◆ DATA:
- Opening Delimiter -
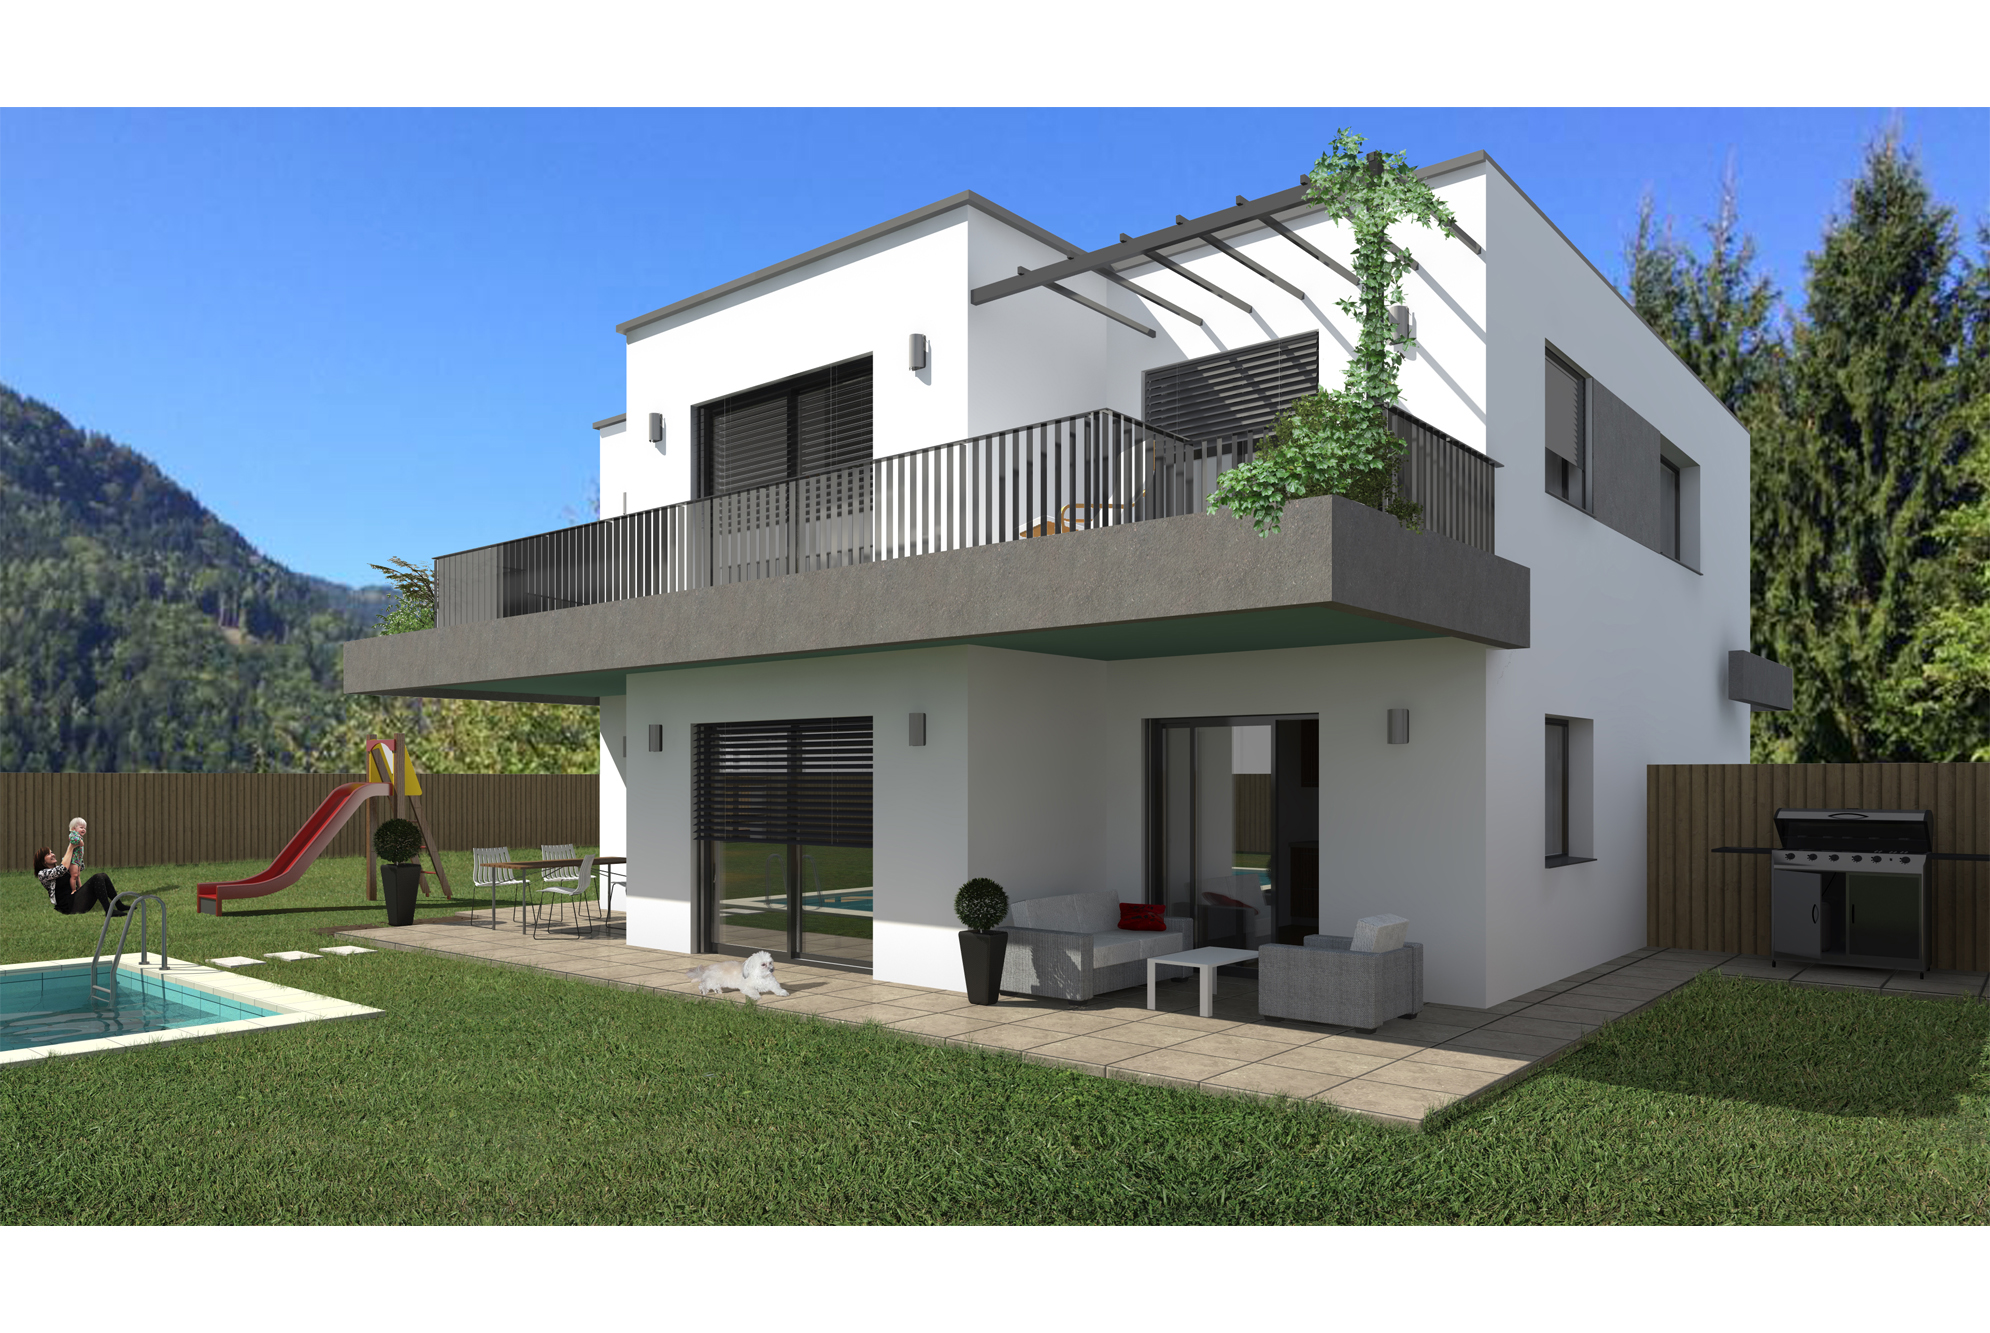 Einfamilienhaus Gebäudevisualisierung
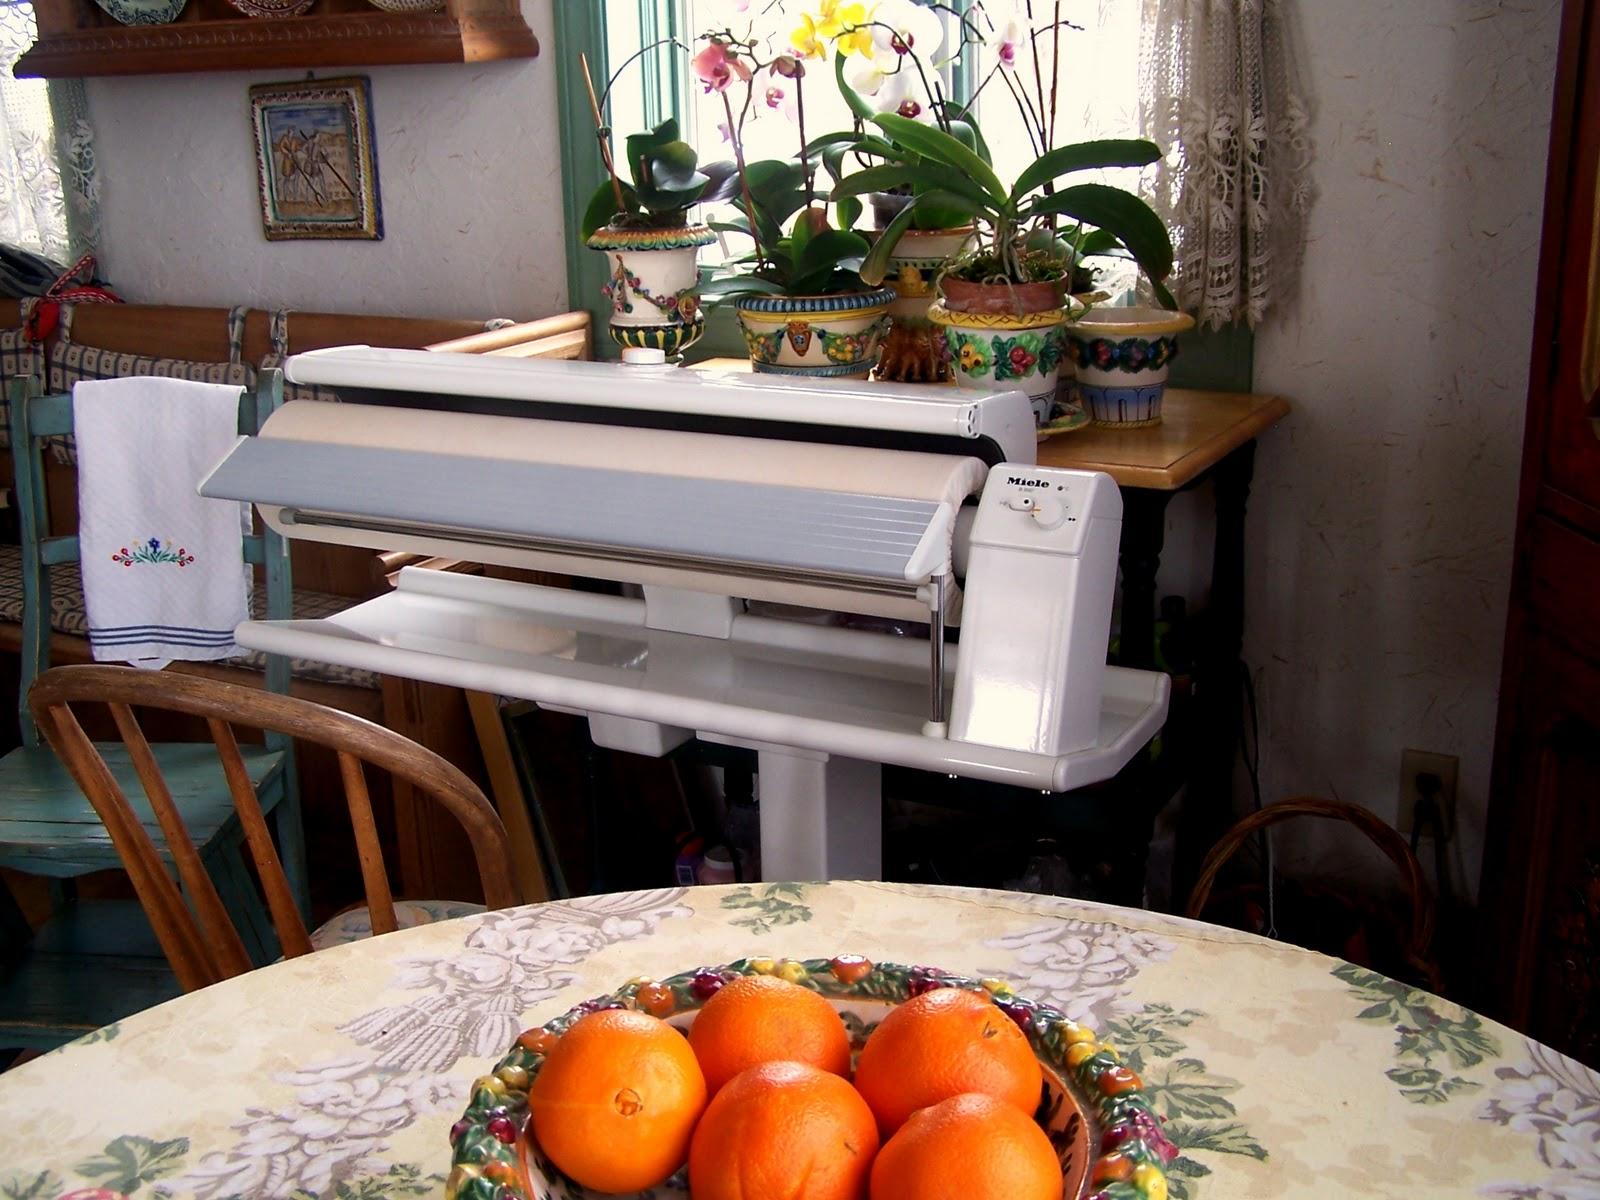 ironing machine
- Closing Delimiter -
- Opening Delimiter -
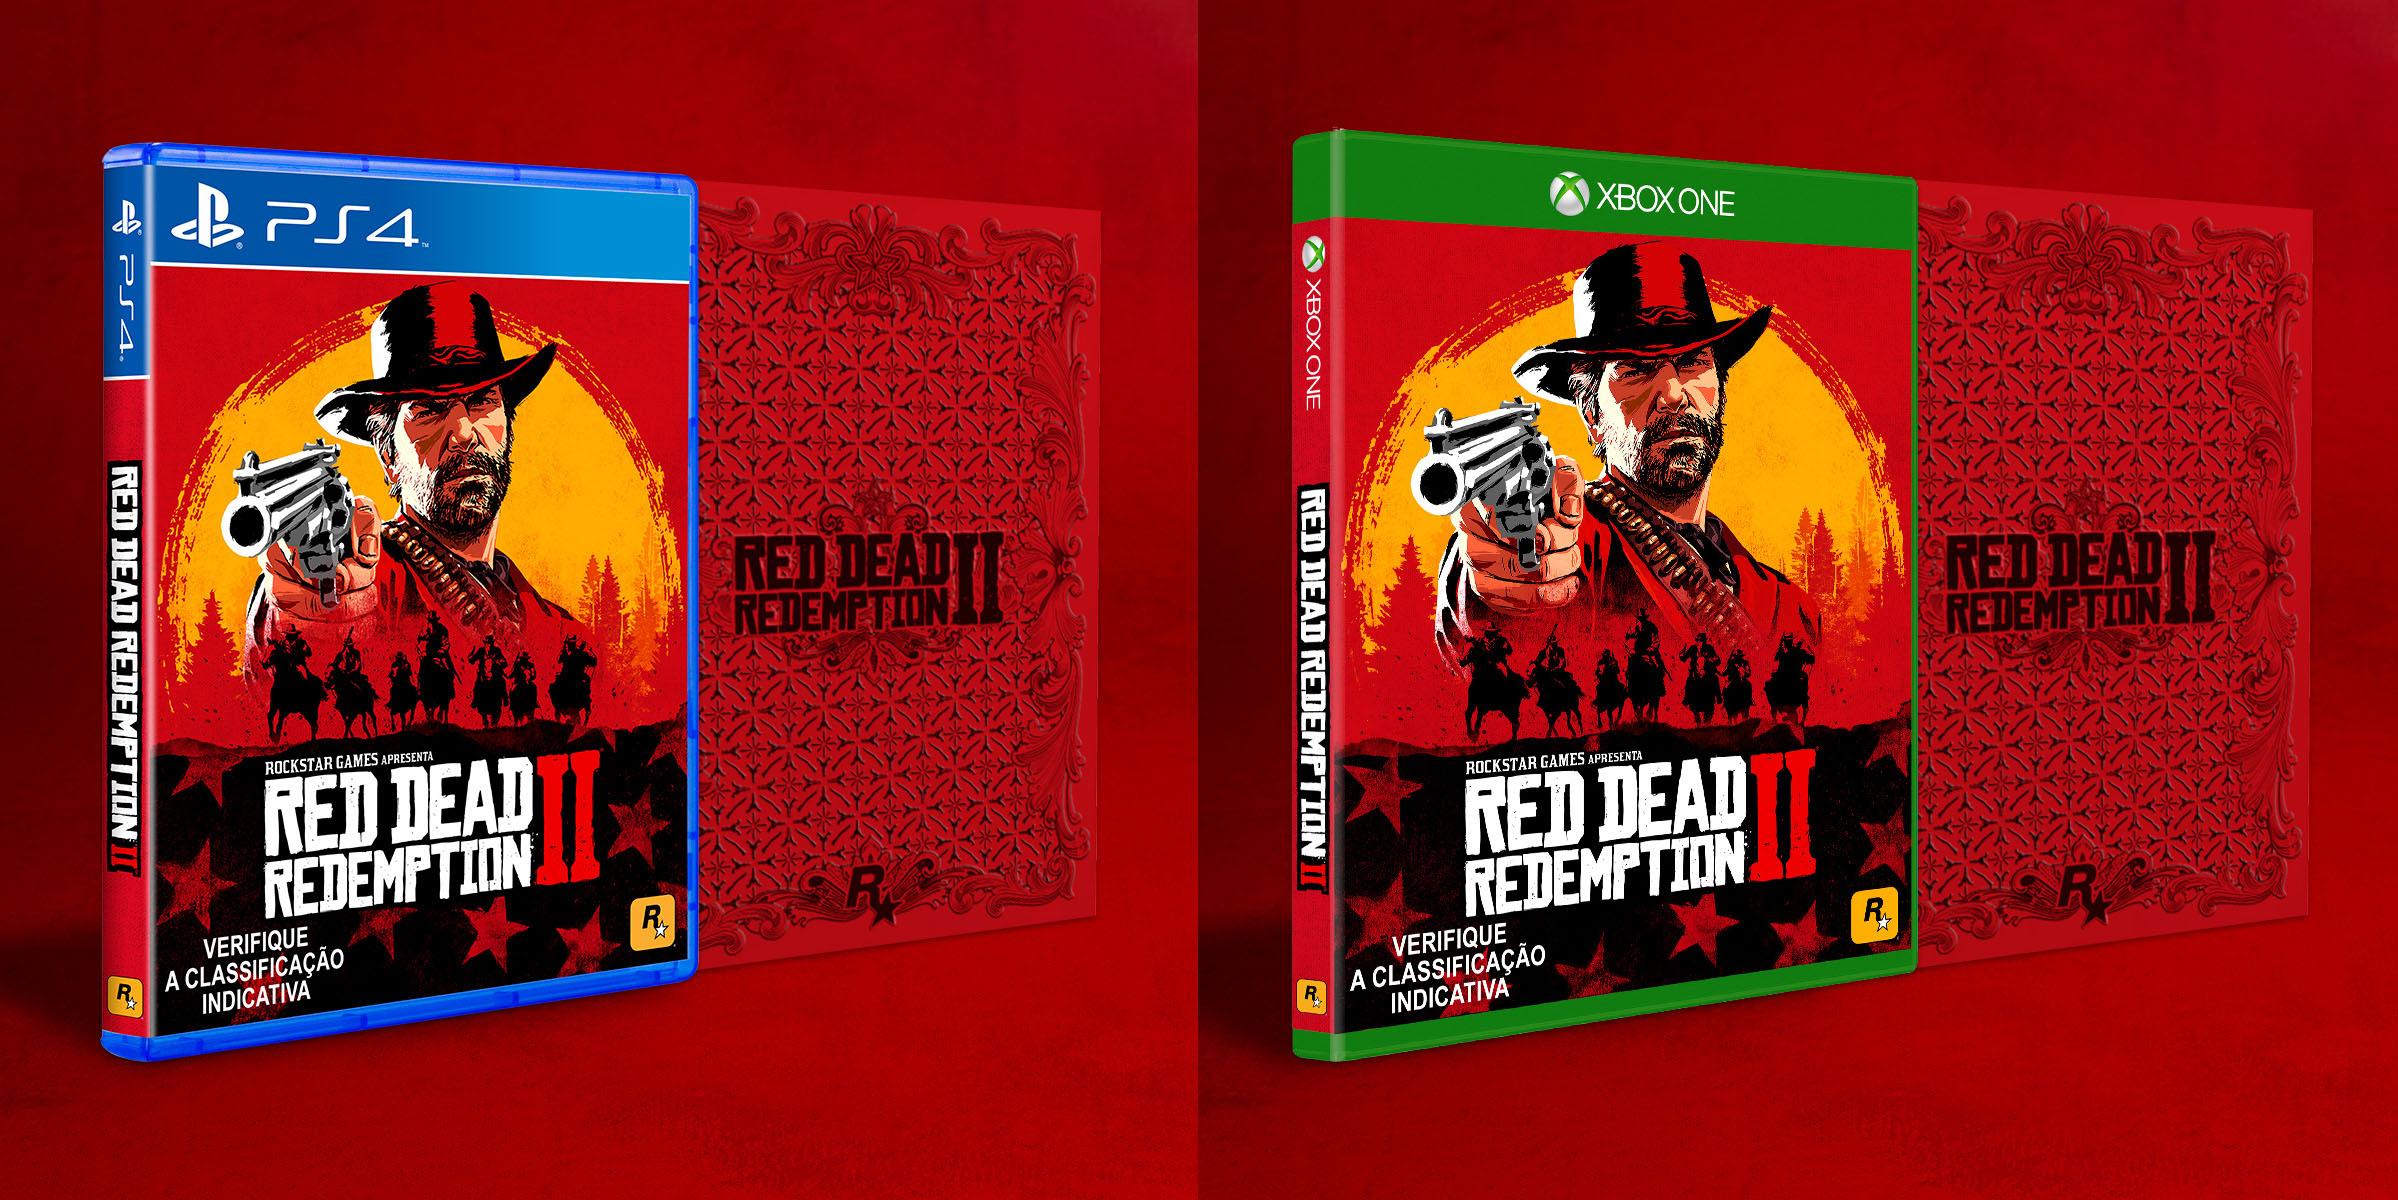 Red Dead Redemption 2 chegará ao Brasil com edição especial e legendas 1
- Closing Delimiter -
◆ WORK ORDER: Transcribe only the lines above that start at the line containing "Einfamilienhaus Gebäudevisualisierung" and end at the line containing "ironing machine". Omit pictures.

◆ EXERCISE RESPONSE:
 Einfamilienhaus Gebäudevisualisierung
 ironing machine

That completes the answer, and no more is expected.